_Problem description_
Each line below from the "Gurkenlimonade mit Limette" line through the "Photographe Immobilier Aquitaine, Landes, Pays" line, those two included, must be restated word for word; the pictures must not be.

***** Data to use

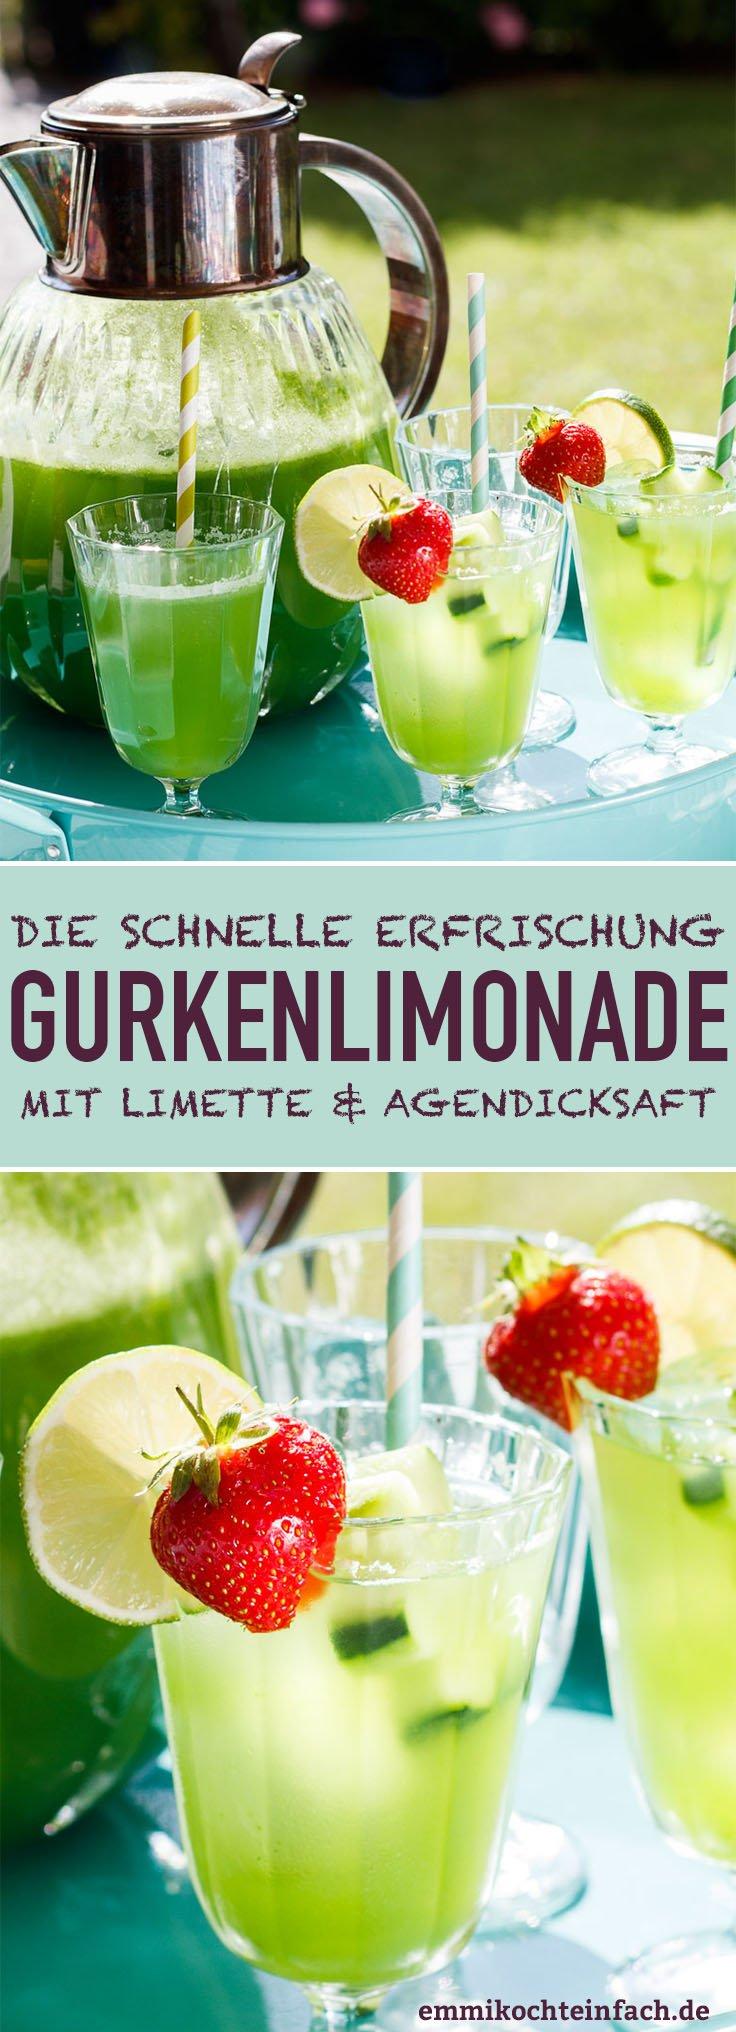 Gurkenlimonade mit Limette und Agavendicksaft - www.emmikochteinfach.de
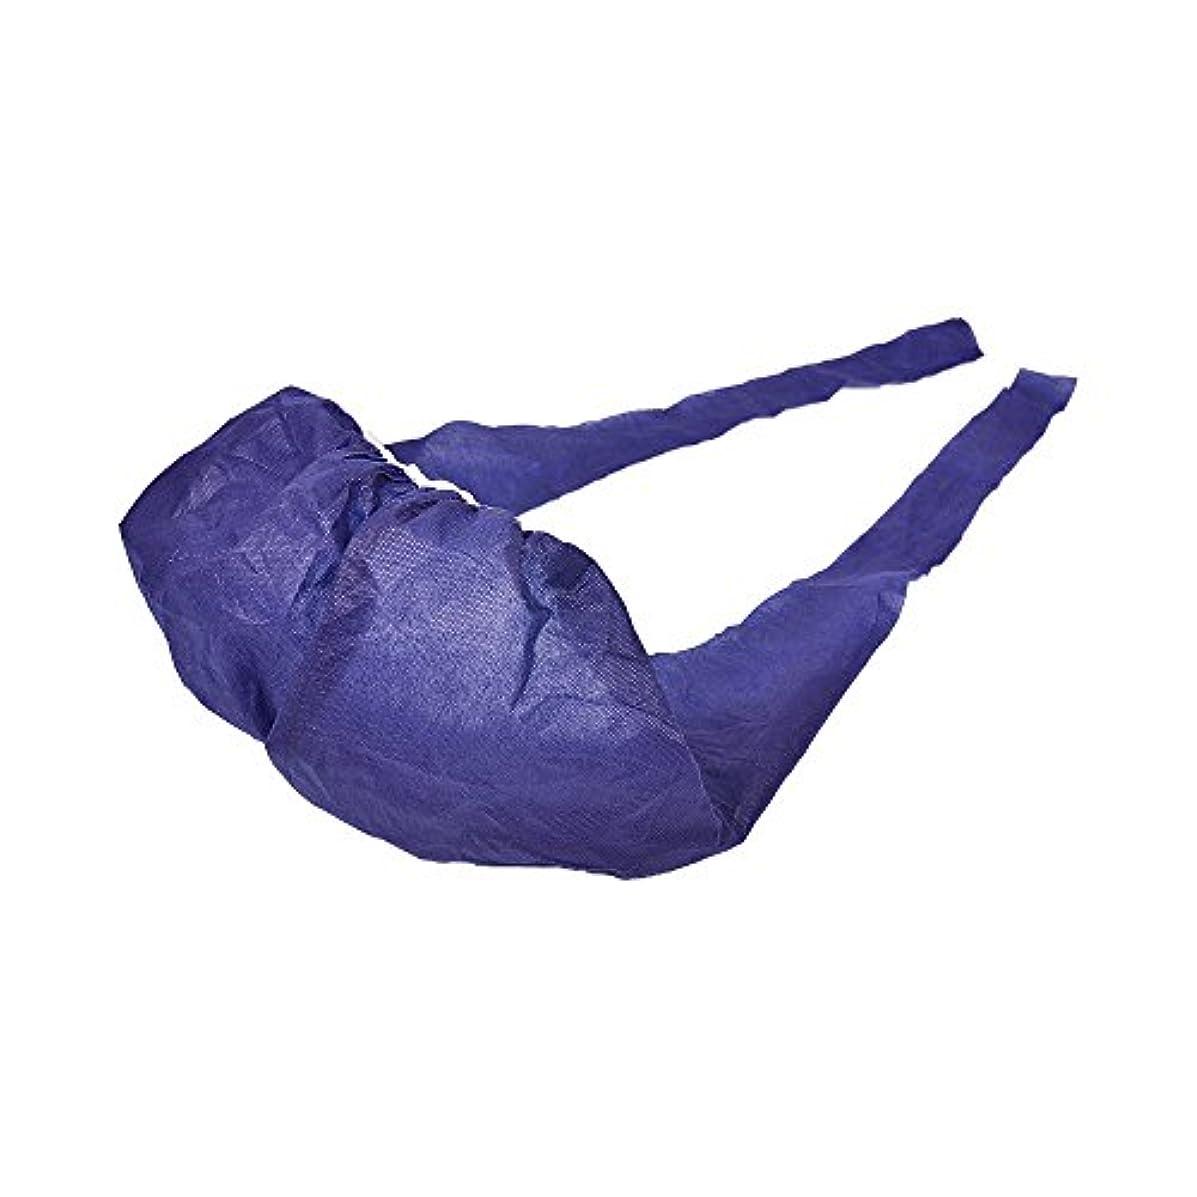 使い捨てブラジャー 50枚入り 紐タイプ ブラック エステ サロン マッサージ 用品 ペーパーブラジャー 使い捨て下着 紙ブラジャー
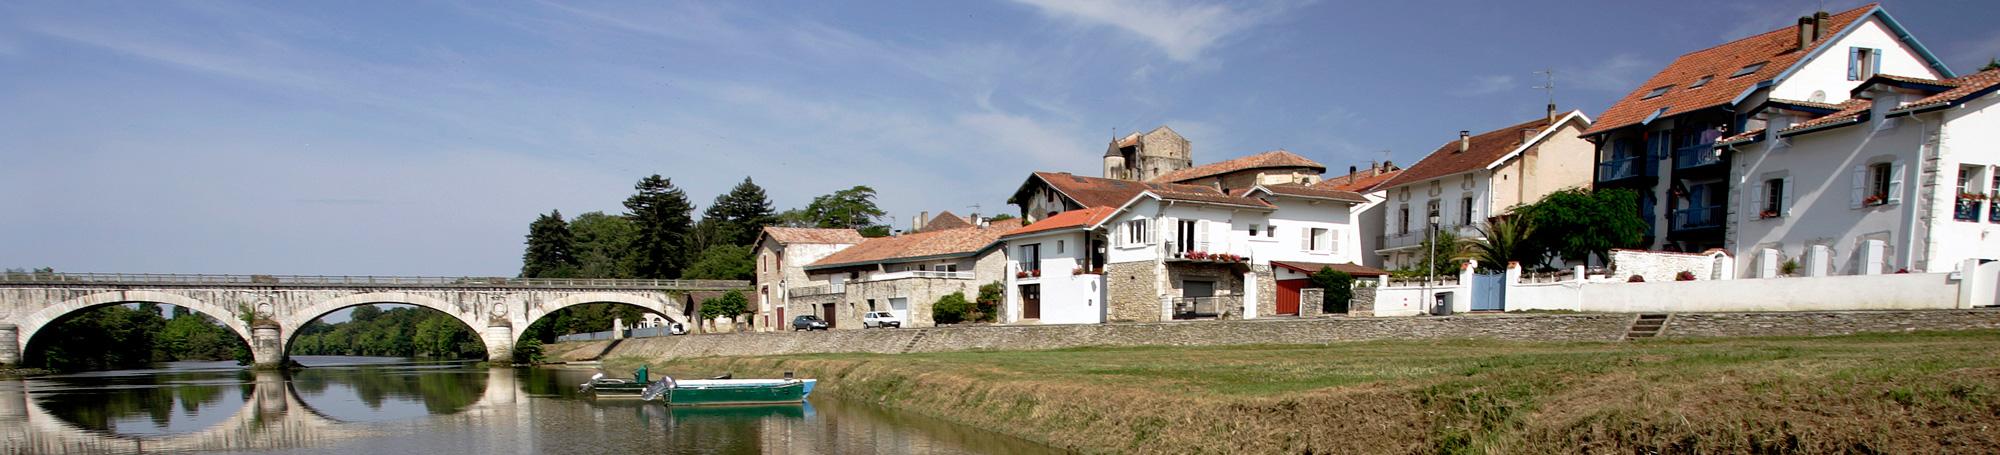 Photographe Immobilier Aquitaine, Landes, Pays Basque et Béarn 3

**********
***** Data to use

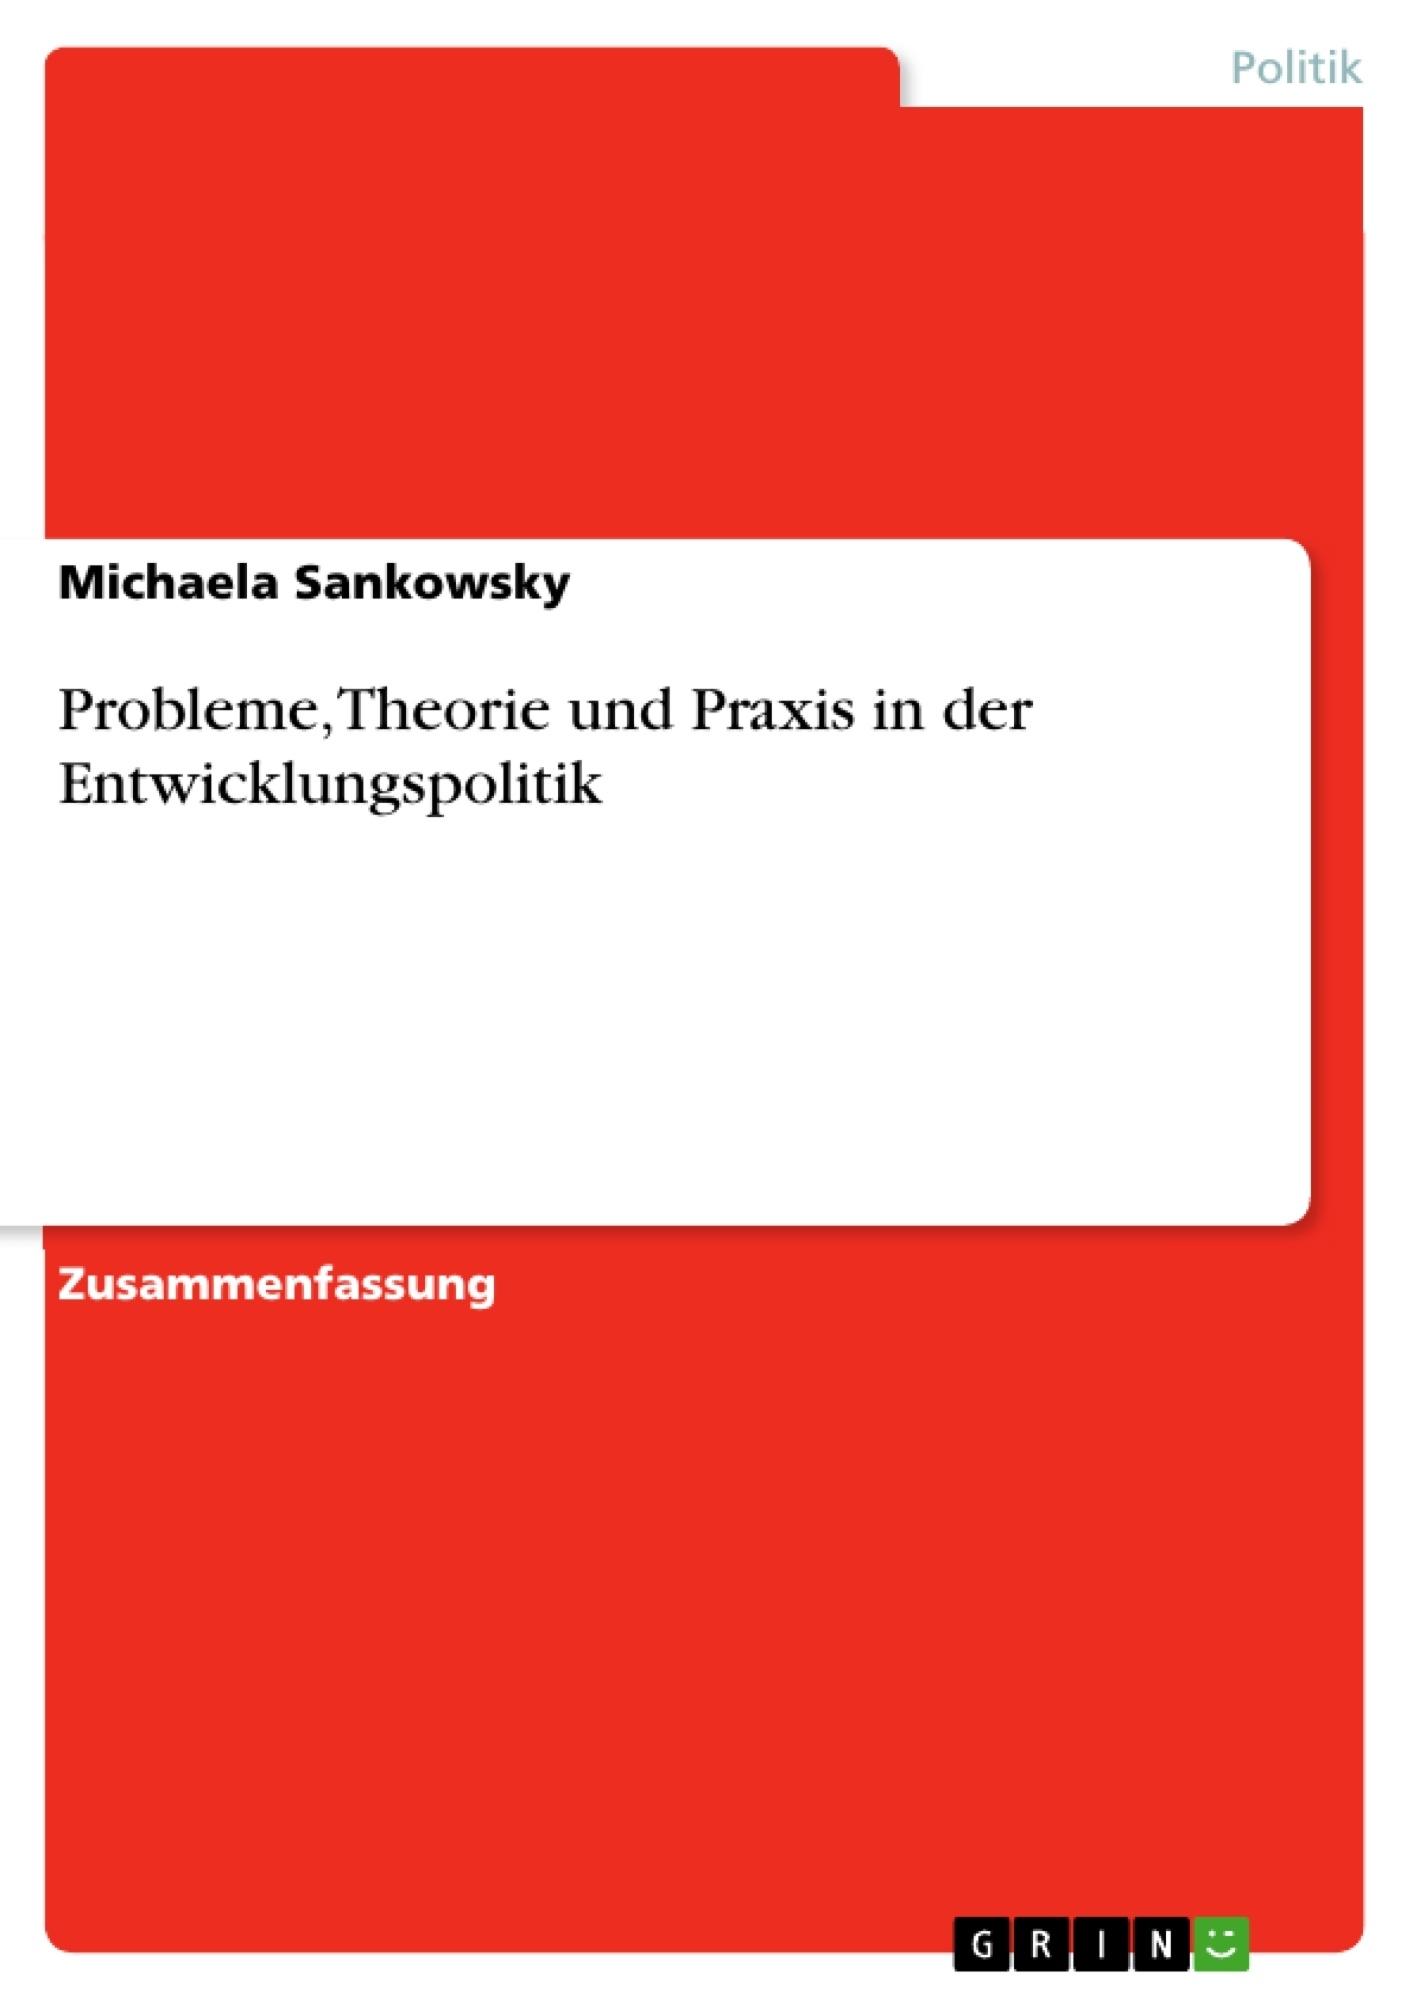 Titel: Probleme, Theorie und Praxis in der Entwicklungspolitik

**********

_Result of the exercise_
 Gurkenlimonade mit Limette und Agavendicksaft - www.emmikochteinfach.de
 使い捨てブラジャー 50枚入り 紐タイプ ブラック エステ サロン マッサージ 用品 ペーパーブラジャー 使い捨て下着 紙ブラジャー
 Photographe Immobilier Aquitaine, Landes, Pays Basque et Béarn 3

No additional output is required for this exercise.